Parquet-Tools contains java based command line tools that aid in the inspection of Parquet files.
Currently these tools are available for UN*X systems.
If you want to use parquet-tools in local mode, you should use the local profile so the hadoop client dependency is included.

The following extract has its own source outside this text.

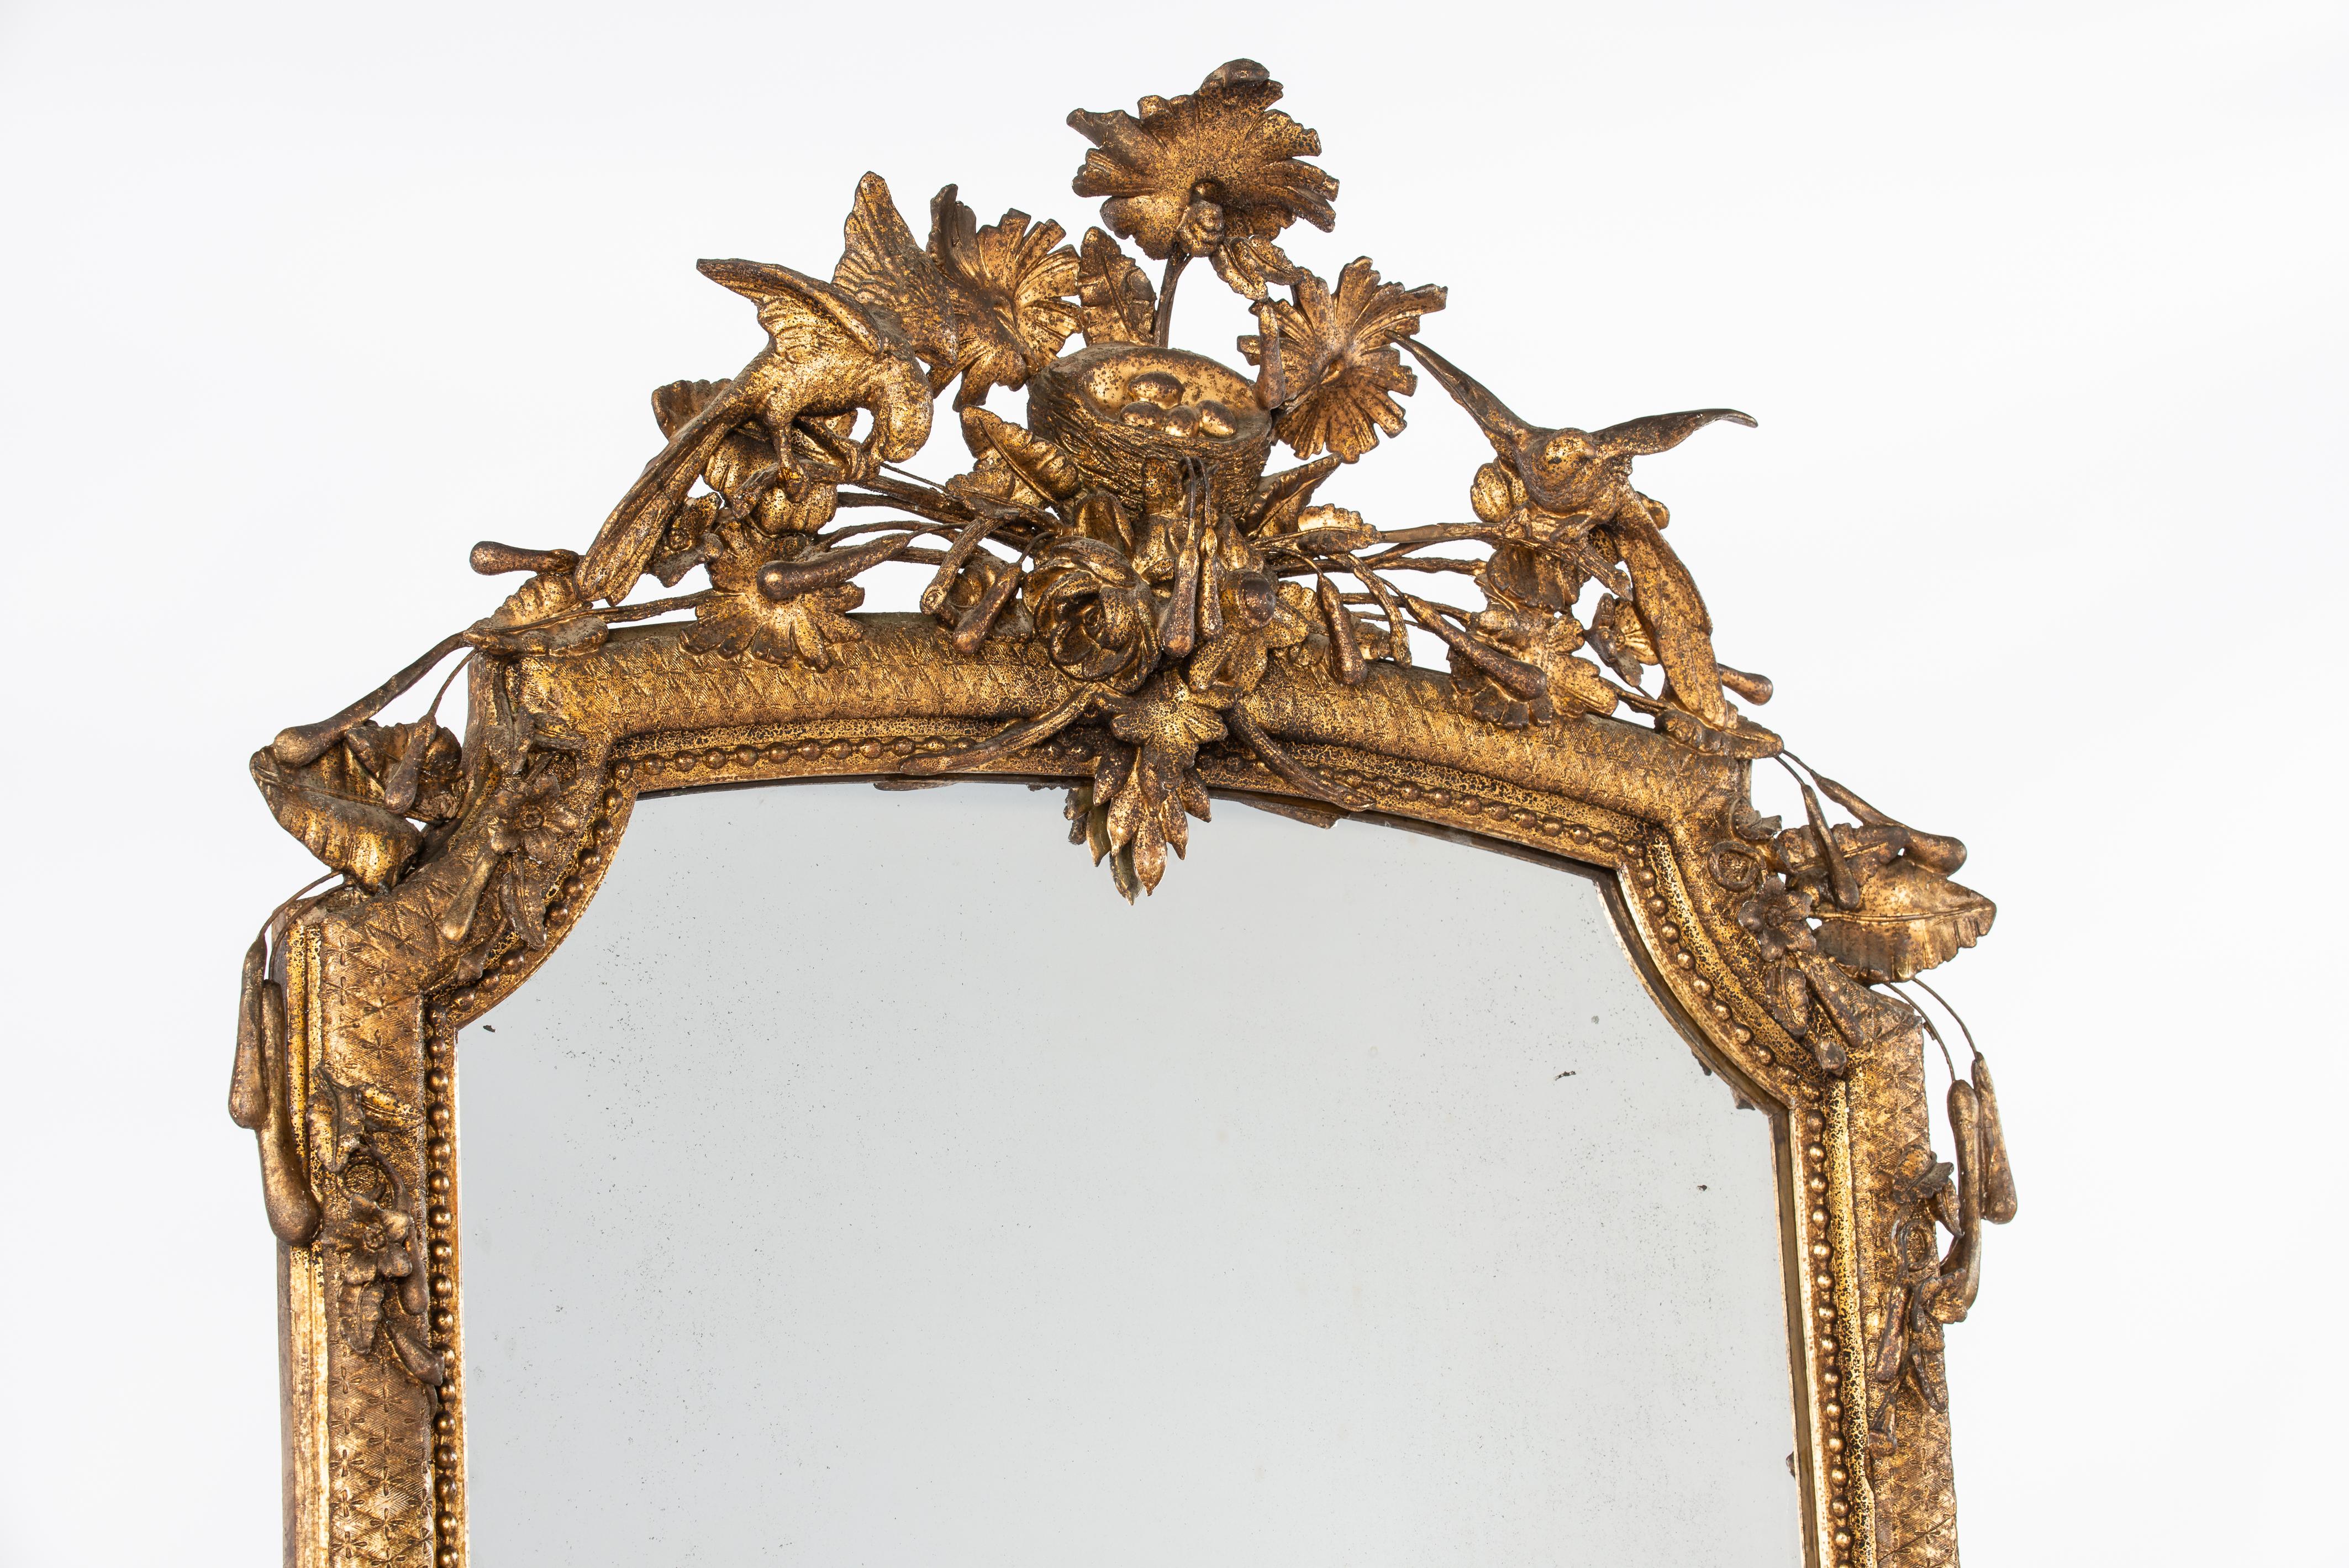 Nous vous proposons ici un superbe et rare miroir à pied haut, fabriqué dans le sud de la France au milieu du XIXe siècle, vers 1850. Le cadre du miroir est somptueusement orné de nombreux ornements naturels tels que des fleurs, des feuilles et des
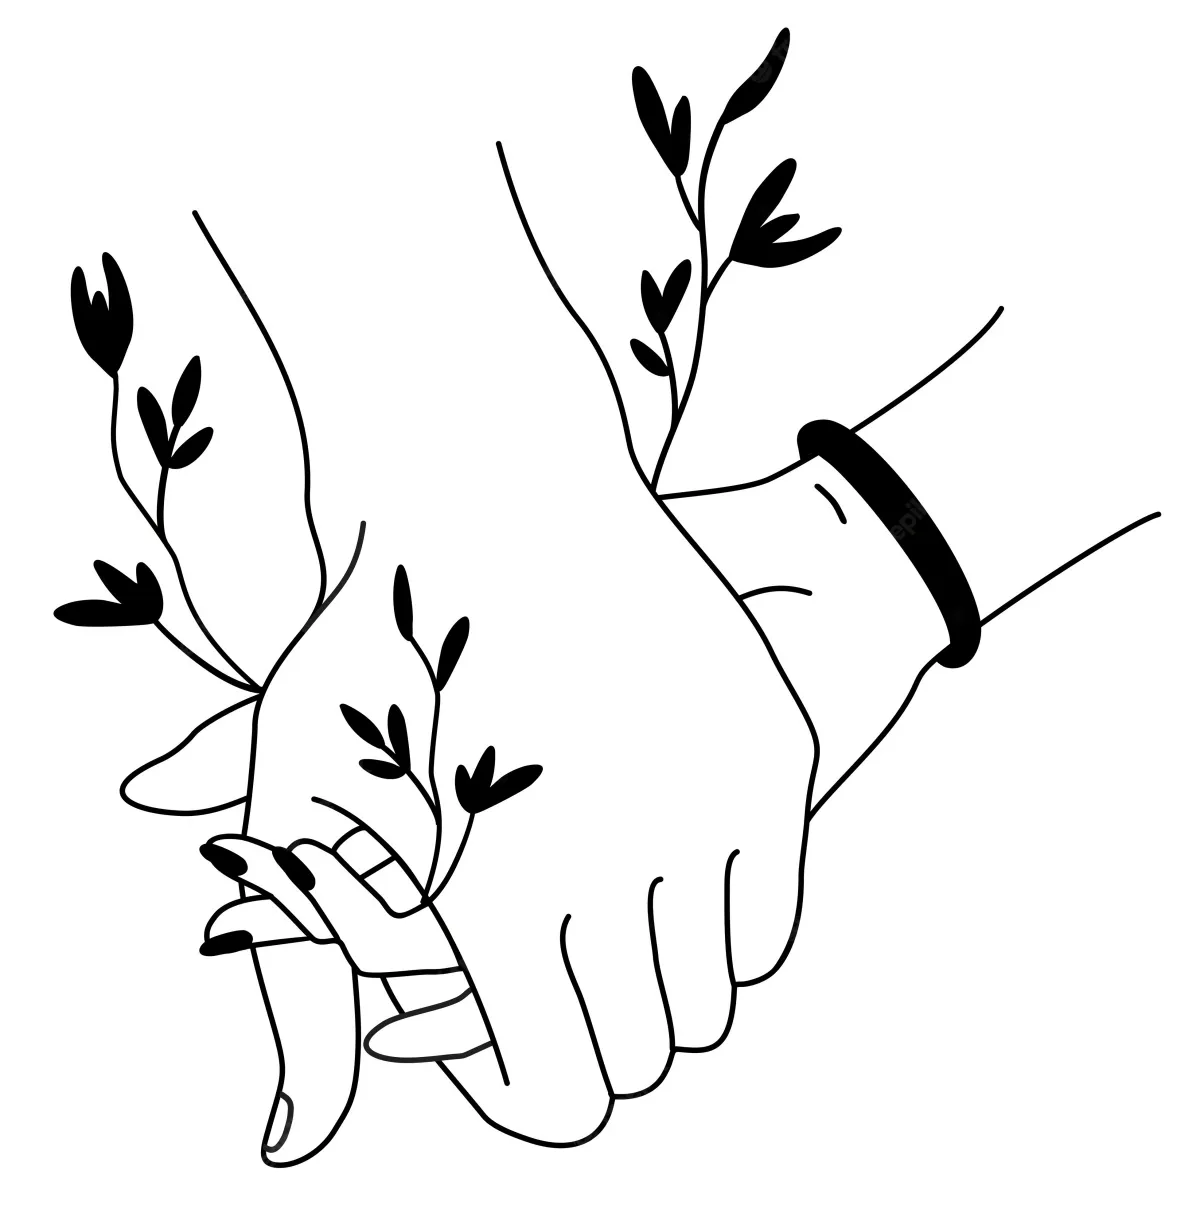 deux mains expriment une union forte avec un graphisme de noir sur blenc

cd parquet-tools && mvn clean package -Plocal
To use it in hadoop mode, the default profile will exclude the hadoop client dependency
cd parquet-tools && mvn clean package
The resulting jar is target/parquet-tools-.jar, you can copy it to the place where you want to use it
See Commands Usage for command to use
hadoop jar ./parquet-tools-<VERSION>.jar <command> my_parquet_file.lzo.parquet
See Commands Usage for command to use
java -jar ./parquet-tools-<VERSION>.jar <command> my_parquet_file.lzo.parquet
To see usage instructions for all commands:
java -jar ./parquet-tools-<VERSION>.jar --help
Note: To run it on hadoop, you should use hadoop jar instead of java -jar
| Acronym | Definition |
|---|---|
| RC | Row Count |
| TS | Total Byte Size |
| Acronym | Definition |
|---|---|
| DO | Dictionary Page Offset |
| FPO | First Data Page Offset |
| SZ:{x}/{y}/{z} | Size in bytes. x = Compressed total, y = uncompressed total, z = y:x ratio |
| VC | Value Count |
| RLE | Run-Length Encoding |